Portugal’s Air Force is considering scrapping its plan to buy $2.2 billion worth of American-made F-35 fighter jets. Instead, it would buy Swedish-made Saab Gripen war jets — at half the price.

Denmark and Poland are inviting France, the only European Union nation with its own nuclear weapons, to station some in their countries.  “We invite you to extend nuclear sharing also to our territory,” President Andrzej Duda of Poland told Bloomberg in remarks published Friday.

Like canaries in the proverbial coal mine, these two obscure news items could signal a bigger European shift toward greater defense independence from the United States. Tough love statements from Trump Administration officials, a tilt toward Moscow in the Russia-Ukraine war, and a pause in military aid to Ukraine, have shaken — if not broken — European trust in America’s post World War II  defense guarantees.

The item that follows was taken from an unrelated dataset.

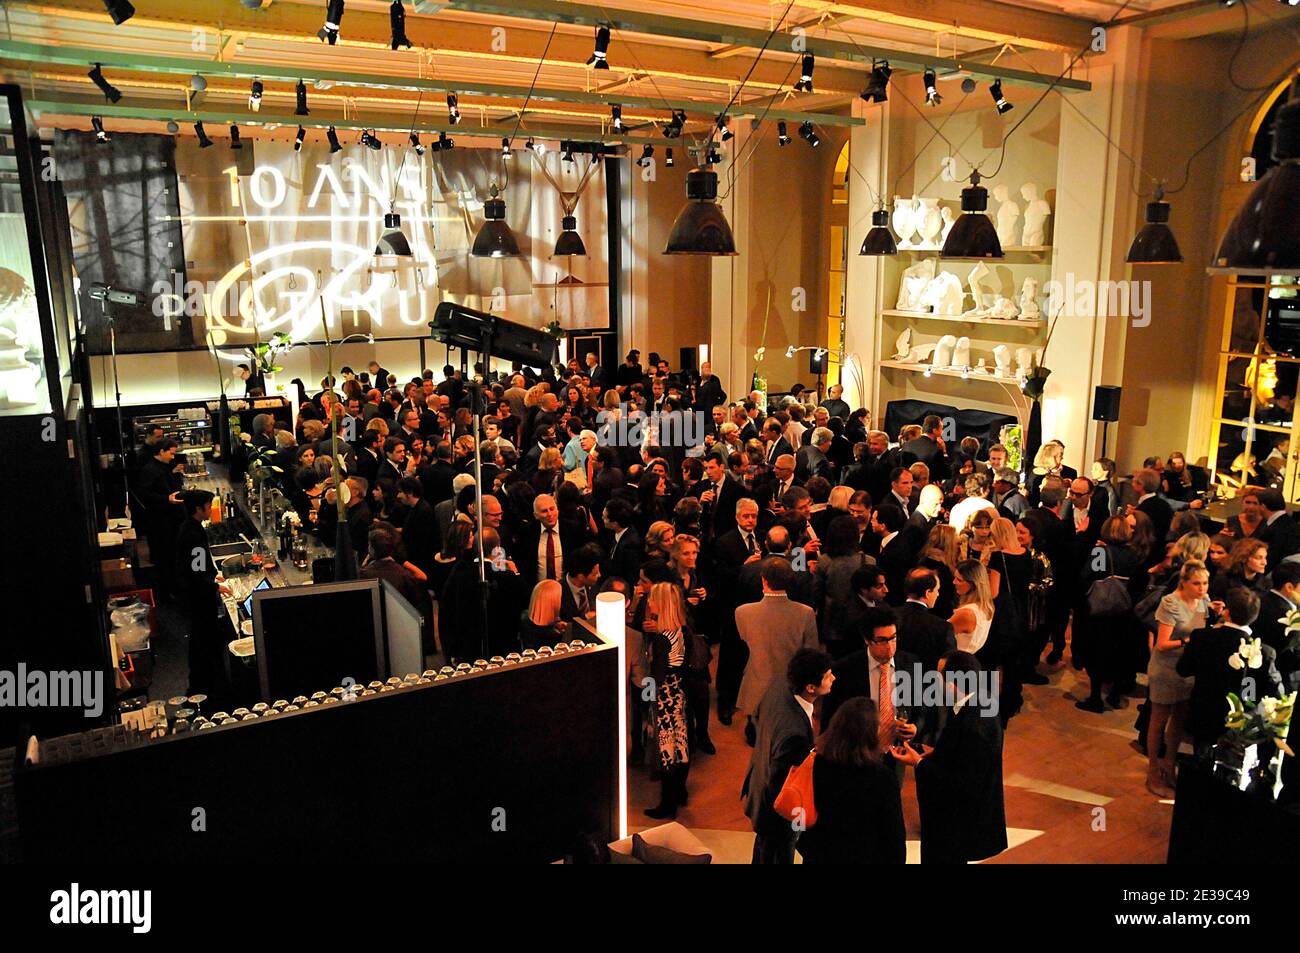 Atmosphäre während des Platinum MasterCard Abends im Grand Palais in Paris, Frankreich am 4. Oktober 2010. Foto von Thierry Plessis/ABACAPRESS.COM Stockfoto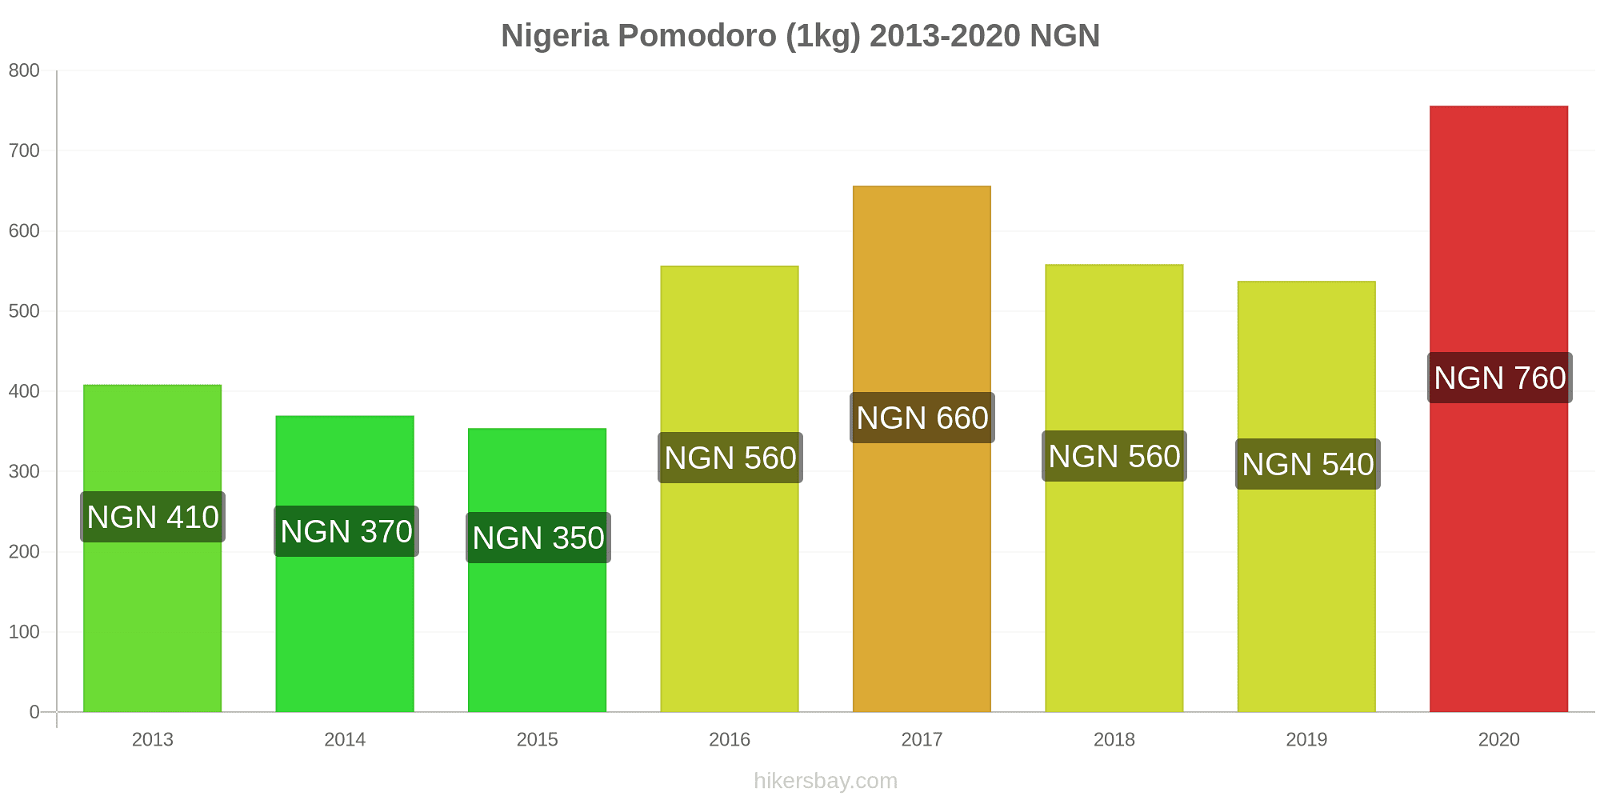 Nigeria variazioni di prezzo Pomodoro (1kg) hikersbay.com

Europe has responded with a five-year, $171 billion ReArm Europe plan to boost weapons production in the EU, Ukraine, and Norway. In a sign of the times, a new European Commission White Paper for European Defense Readiness 2030 refers to strengthening defense industries 96 times in 23 pages.

After three decades of atrophy, Europe’s surge in defense spending is so abrupt that the share price of Germany’s largest defense contractor, Rheinmetall, has more than doubled this year. Rheinmetall now is moving to convert two of its car factories to military production. Confident of future sales, it is eyeing the purchase of Volkswagen’s struggling car plant in Osnabrück.

Last week, Rheinmetall CEO Armin Papperger told German business daily Handelsblatt that the company could boost its order book to $341 billion by the end of this decade.

Similarly, Europe’s largest defense contractor, Britain’s BAE Systems plc, plans to build three new sites in Britain to produce RDX explosives, the key component for 155mm artillery shells. Britain’s defense secretary, John Healey, said the defense industry “is the foundation of our ability to fight and win on the battlefield.”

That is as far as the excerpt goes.